*Try it*
Write every line below out again, exactly as given, but leave out the pictures.

*Dataset content*

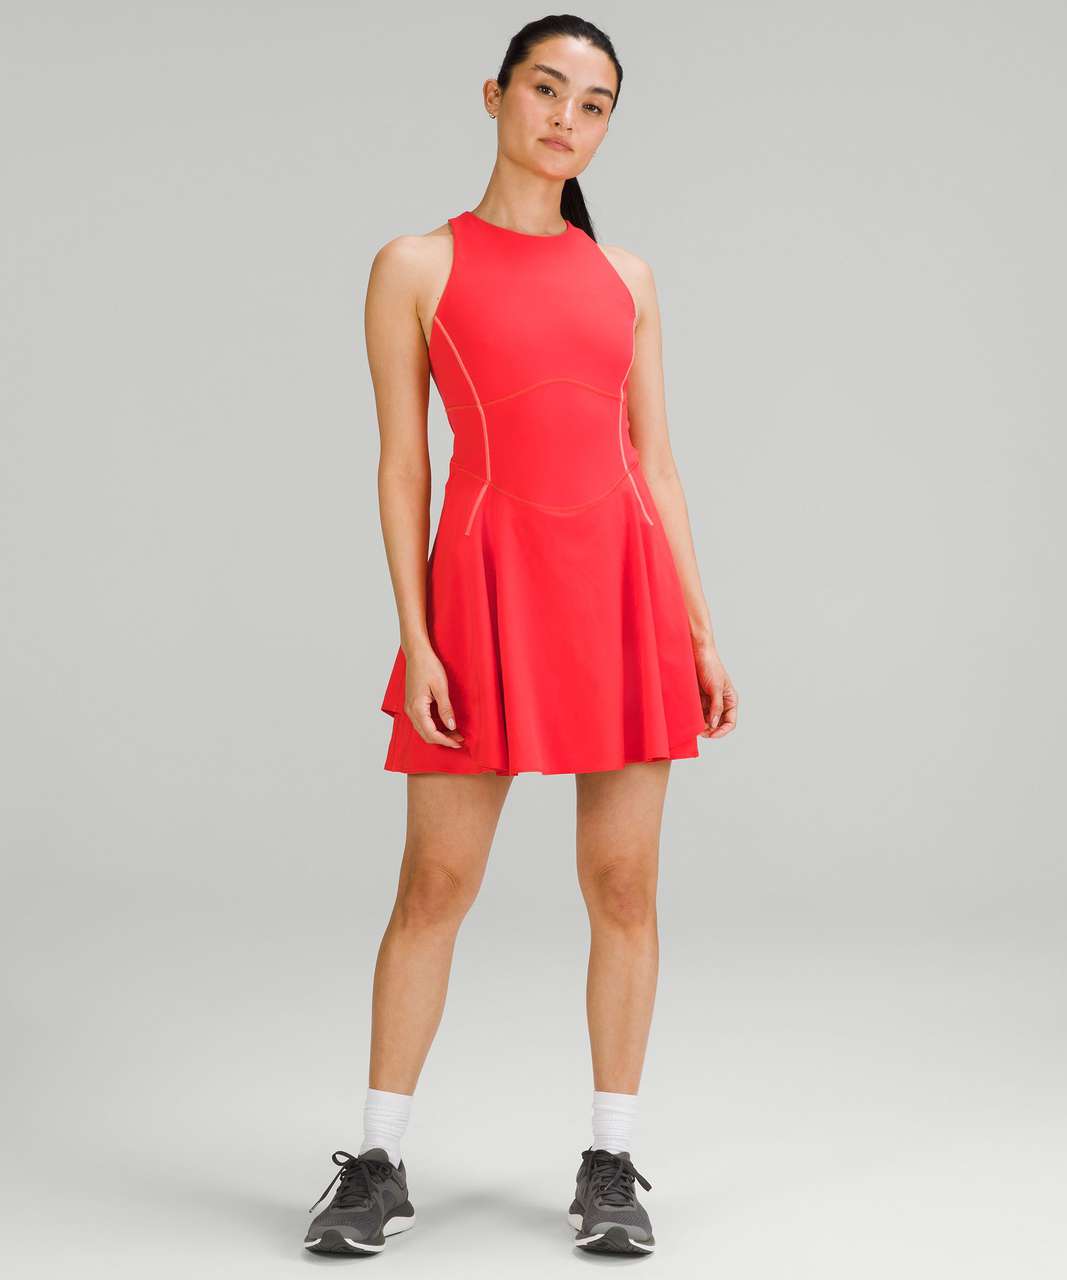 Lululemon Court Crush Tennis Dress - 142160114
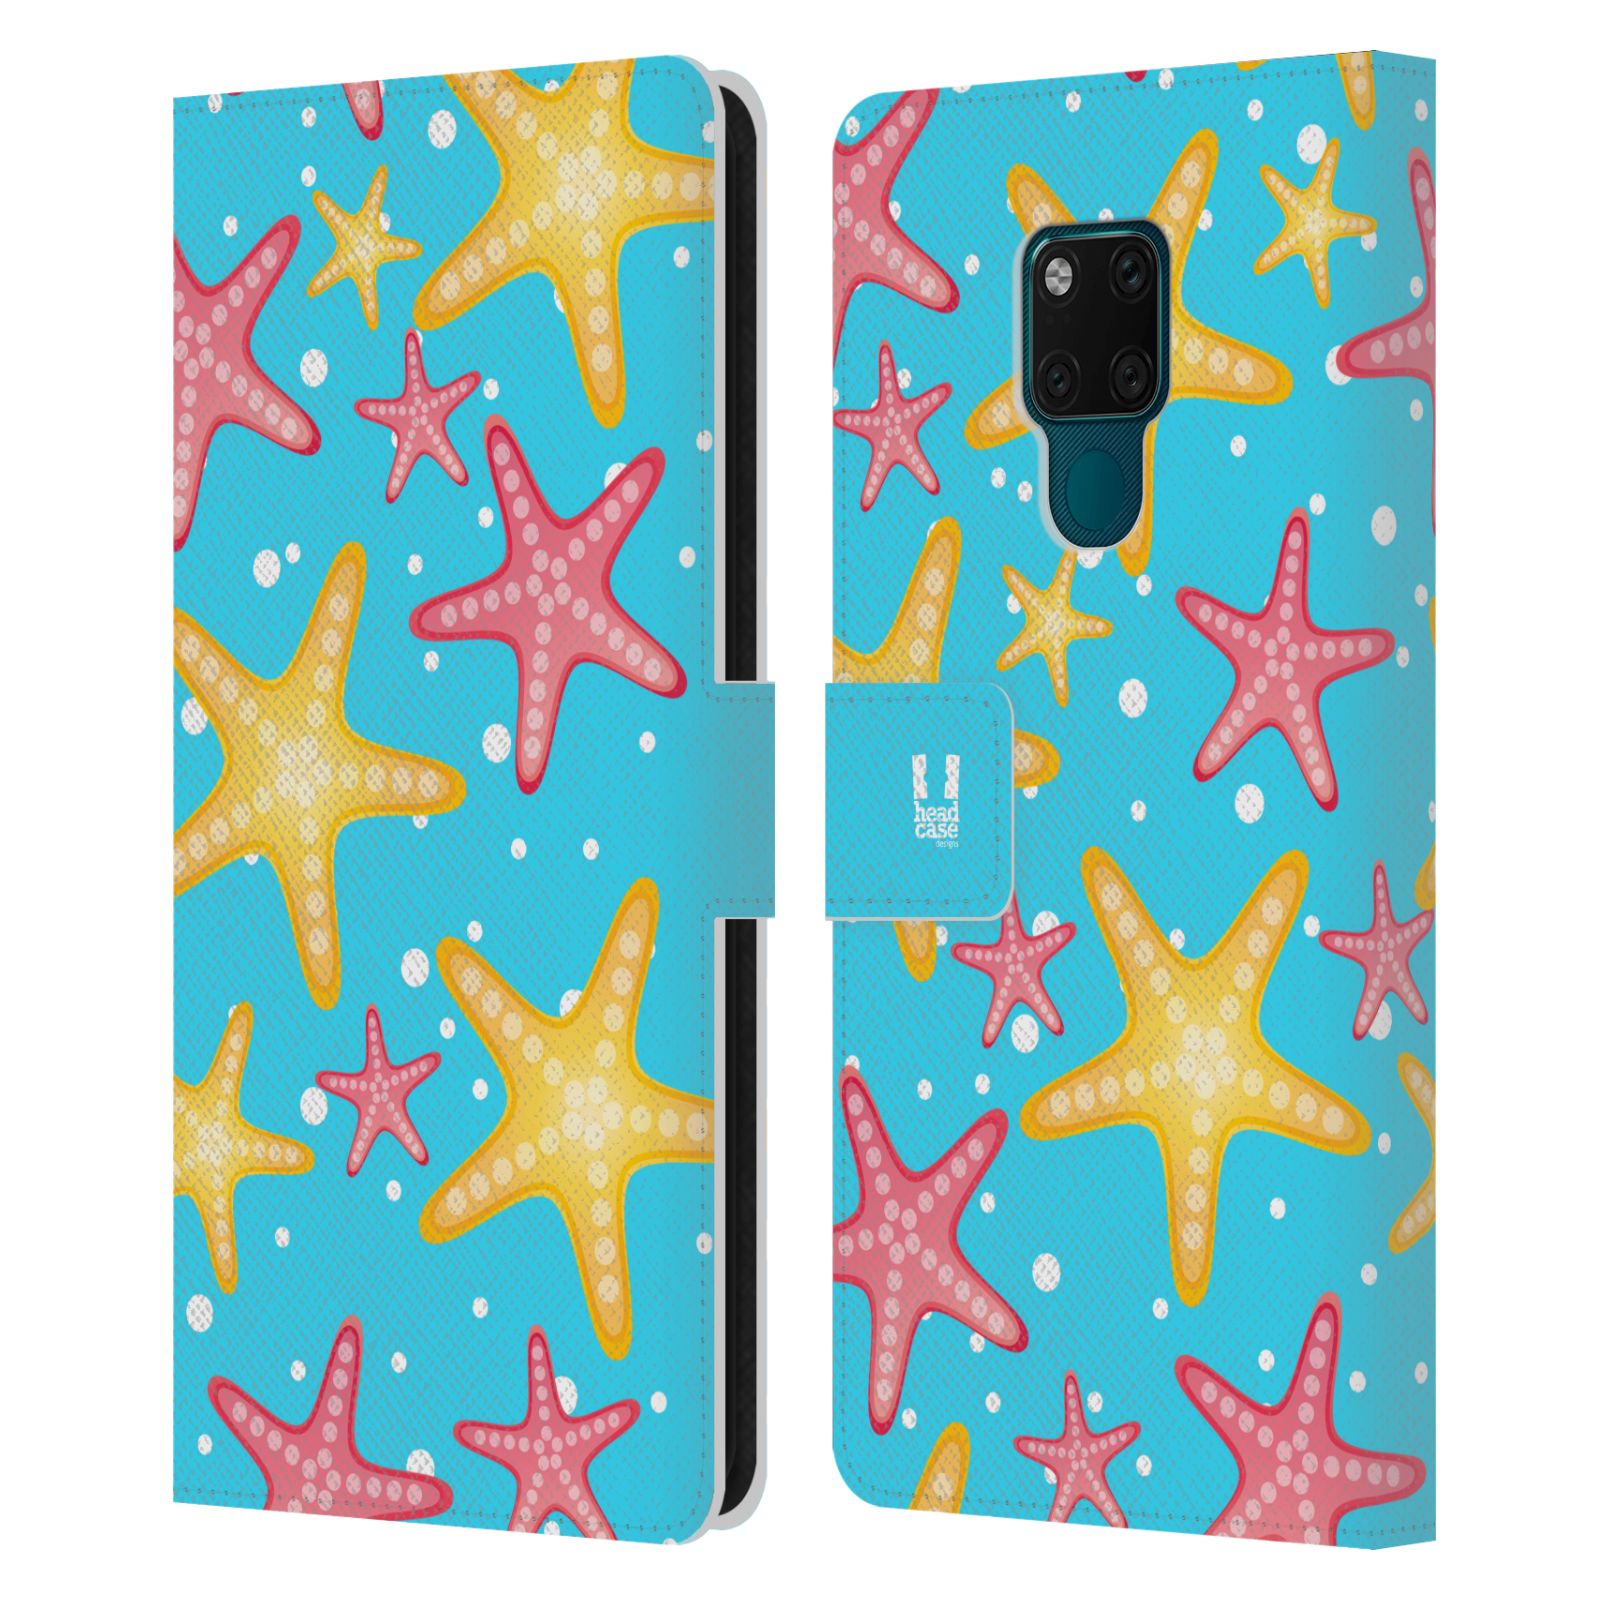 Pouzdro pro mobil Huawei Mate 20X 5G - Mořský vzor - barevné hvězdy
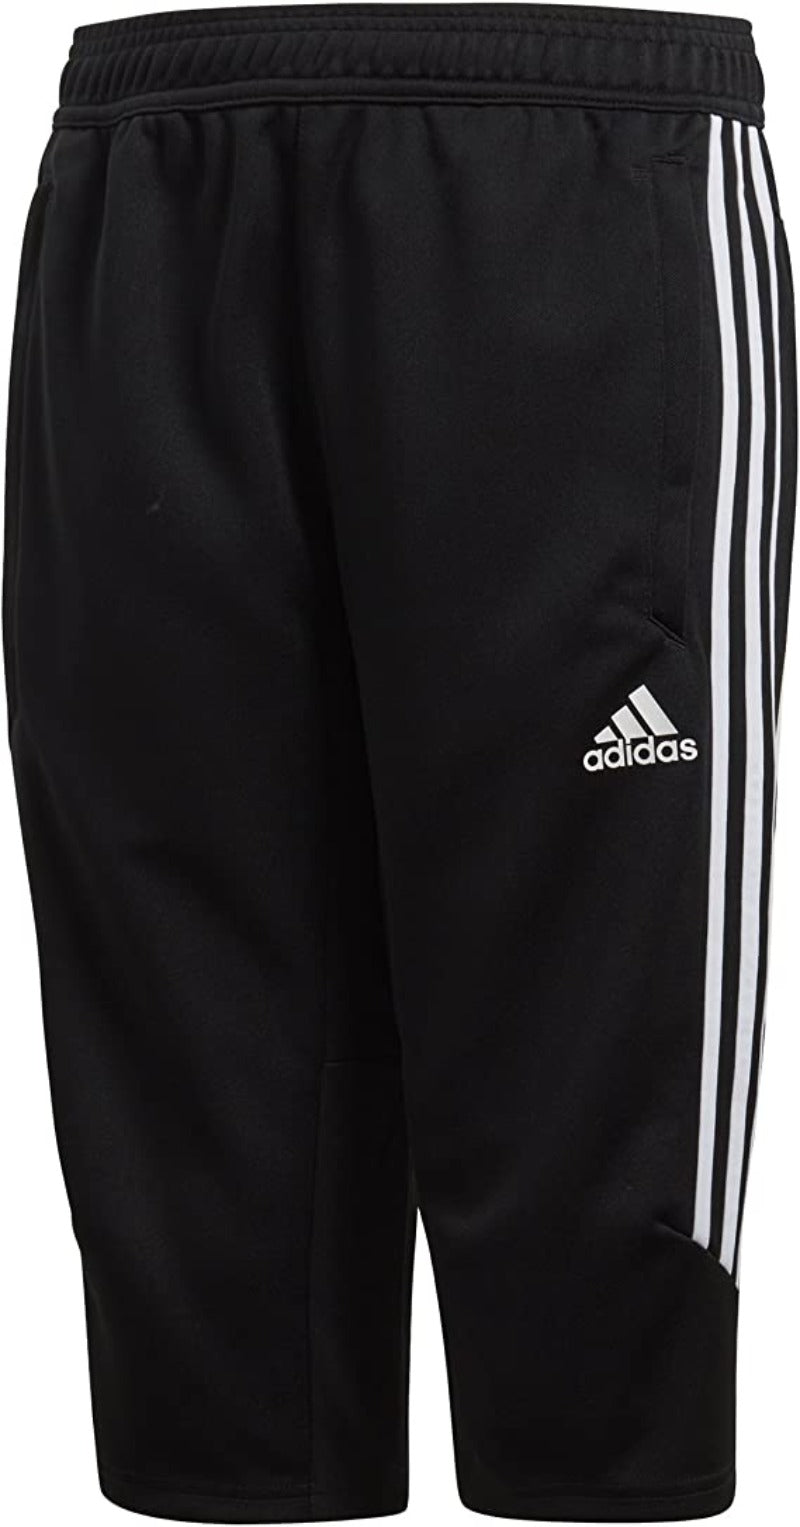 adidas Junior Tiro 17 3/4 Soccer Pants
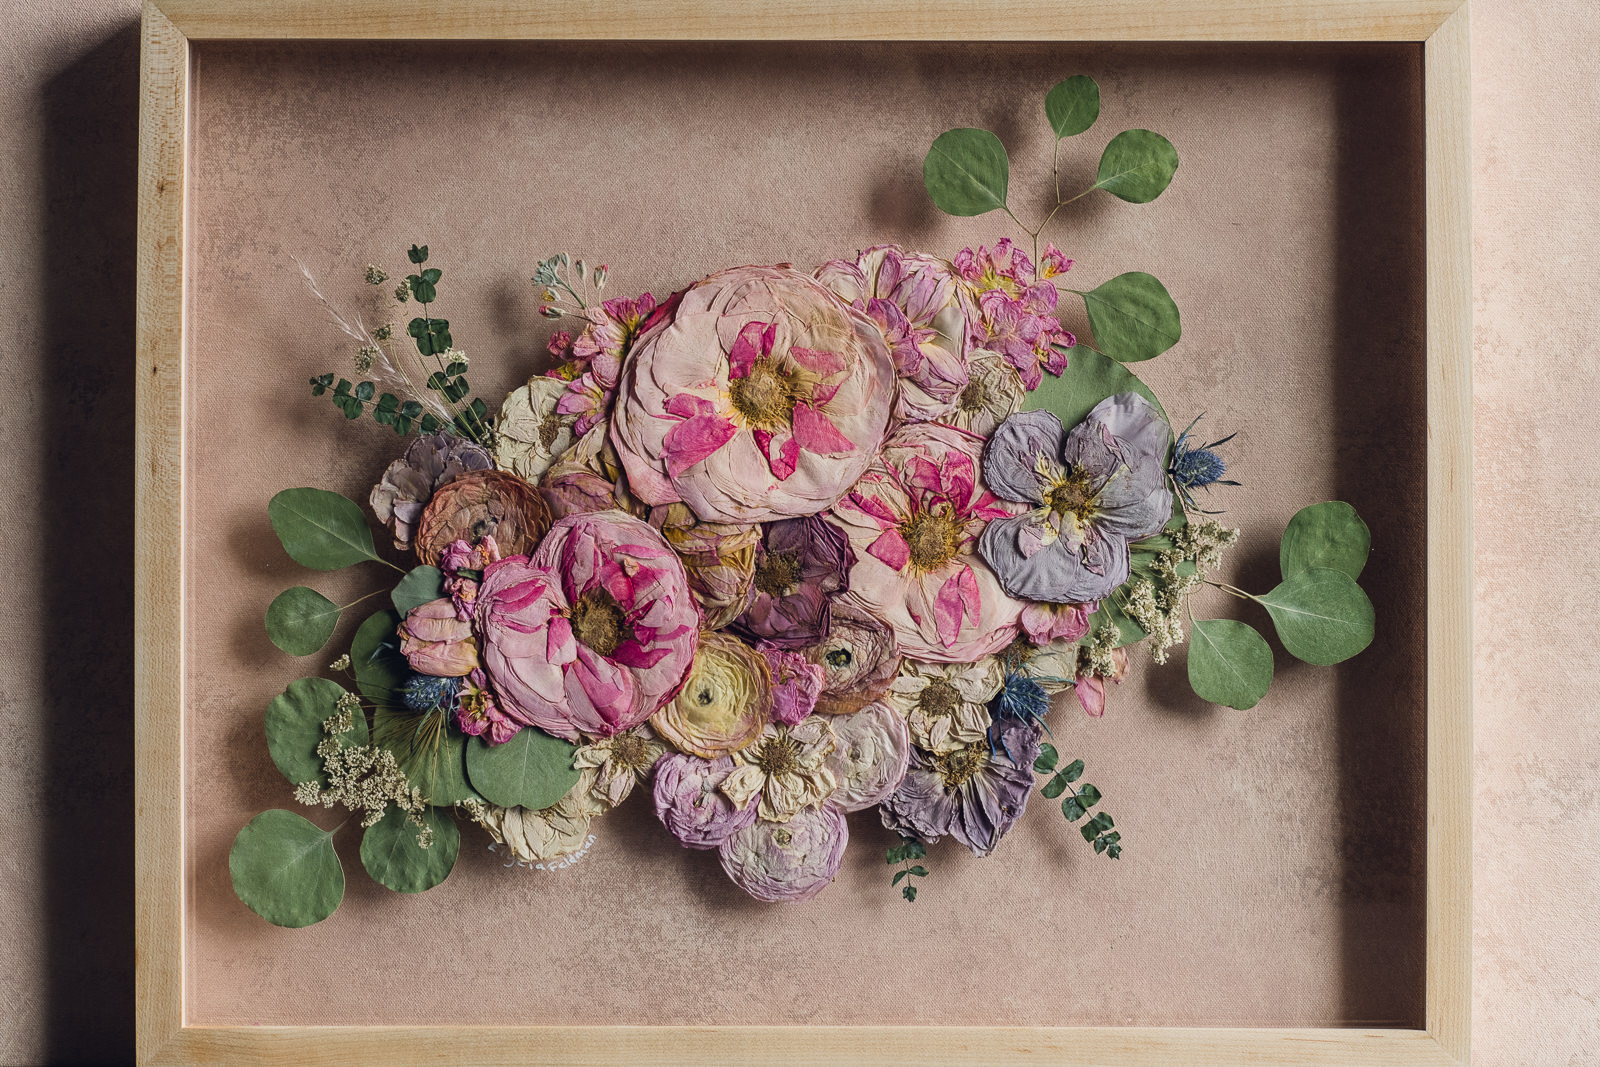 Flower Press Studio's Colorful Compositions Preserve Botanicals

*Your solution*
 Lululemon Court Crush Tennis Dress - 142160114
 Pouzdro pro mobil Huawei Mate 20X 5G - Mořský vzor - barevné hvězdy
 adidas Junior Tiro 17 3/4 Soccer Pants
 Flower Press Studio's Colorful Compositions Preserve Botanicals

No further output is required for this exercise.